Nous portons donc la responsabilité de nous joindre à une Église fidèle à la Parole de Dieu, afin de recevoir l’enseignement du Seigneur et de participer aux sacrements qu’il a institués pour le bien et l’encouragement des membres de son Église.

Le livre des Actes nous dit que « le Seigneur ajoutait chaque jour à l’Église ceux qui étaient sauvés » (Ac 2.47). On pouvait compter leur nombre (Ac 2.41; 4.4). Ensemble, « ils persévéraient dans l’enseignement des apôtres, dans la communion fraternelle, dans la fraction du pain et dans les prières » (Ac 2.42). Ensemble, ils louaient Dieu, mettaient en commun leurs biens et recevaient un bon témoignage de tout le peuple.

Les anciens doivent prendre soin du troupeau de Dieu (Ac 20.28), ce qui implique qu’ils connaissent les membres de ce troupeau et leurs besoins. Par ailleurs, les membres des Églises doivent bien recevoir l’enseignement de la Parole et se soumettre à la direction spirituelle de leurs dirigeants (Hé 13.17).
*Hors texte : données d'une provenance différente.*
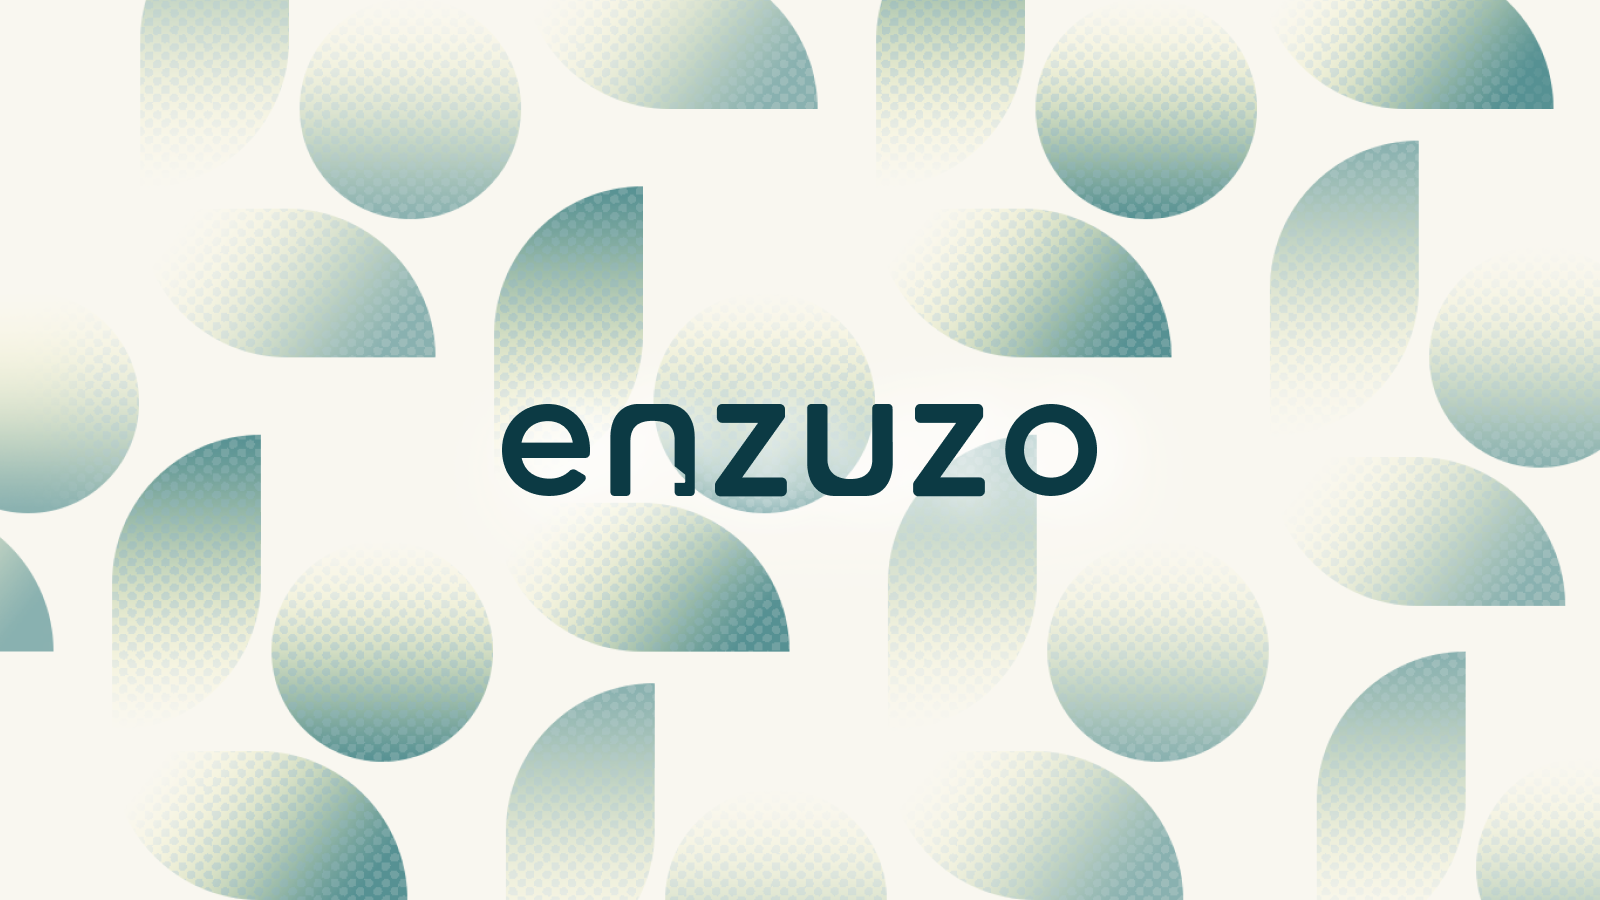 Enzuzo Data Privacy

5. S’édifier ensemble et conserver l’unité dans la diversité🔗

Les apôtres ont écrit plusieurs lettres aux Églises afin que celles‑ci soient solidement édifiées sur ce fondement (Ép 2.20). On ne peut pas séparer le fondement (Jésus‑Christ) et la construction (l’Église), pas plus qu’on ne peut séparer la tête et le corps. Les membres du Christ ont l’obligation de se joindre au corps du Christ et de participer activement à la vie de ce corps en mettant leurs dons particuliers au service des autres (Rm 12.4‑5; 1 Co 12; 1 Pi 4.8‑11).

En même temps, nous en retirons tous de nombreux bienfaits. Les membres de notre corps, nos yeux, nos oreilles, nos mains, ne peuvent pas vivre sans être rattachés au corps. De même, en temps normal, les croyants ne peuvent pas vivre et se développer en dehors du corps, qui est l’Église. C’est en participant à la vie de ce corps que nous grandirons tous ensemble dans l’amour et la vérité (Ép 4.11‑16).

Dans ce contexte, Paul exhorte les chrétiens à vivre en harmonie dans l’Église. « Supportez‑vous les uns les autres avec amour, en vous efforçant de conserver l’unité de l’Esprit par le lien de la paix » (Ép 4.2‑3). C’est l’obligation de tout croyant, « quels que soient sa condition ou son rang » (art. 28).

Le Seigneur rassemble dans son Église une grande diversité de gens. Cela peut causer des tensions, comme à Jérusalem, où des chrétiens de langue hébraïque et d’autres de langue grecque vivaient ensemble (Ac 6), ou à Corinthe, où des riches côtoyaient des pauvres, ainsi que des forts et des faibles. Même si cette diversité peut parfois nuire à la communion fraternelle, elle peut également l’enrichir.

Certains suivent un cheminement scolaire plus long que d’autres. Certains occupent des positions plus élevées, d’autres se trouvent de condition plus humble. Certains viennent de notre pays et de notre région, d’autres sont des immigrants. Ces différences ne doivent pas nous amener à nous éloigner de l’Église ni à développer une mentalité de sous‑groupes dans l’Église. Nous avons l’obligation de maintenir l’unité de l’Église.

Le Seigneur nous confie des responsabilités dans son alliance. Jésus‑Christ rassemble son Église, ce qui signifie que les croyants ont l’obligation d’honorer cette grande œuvre de Dieu en se joignant à l’Église et en y restant attachés. Ayant été lavés par le sang du Christ et sanctifiés par son Esprit, nous sommes appelés à aimer notre Sauveur et à l’honorer en nous efforçant de vivre à sa gloire dans son Église.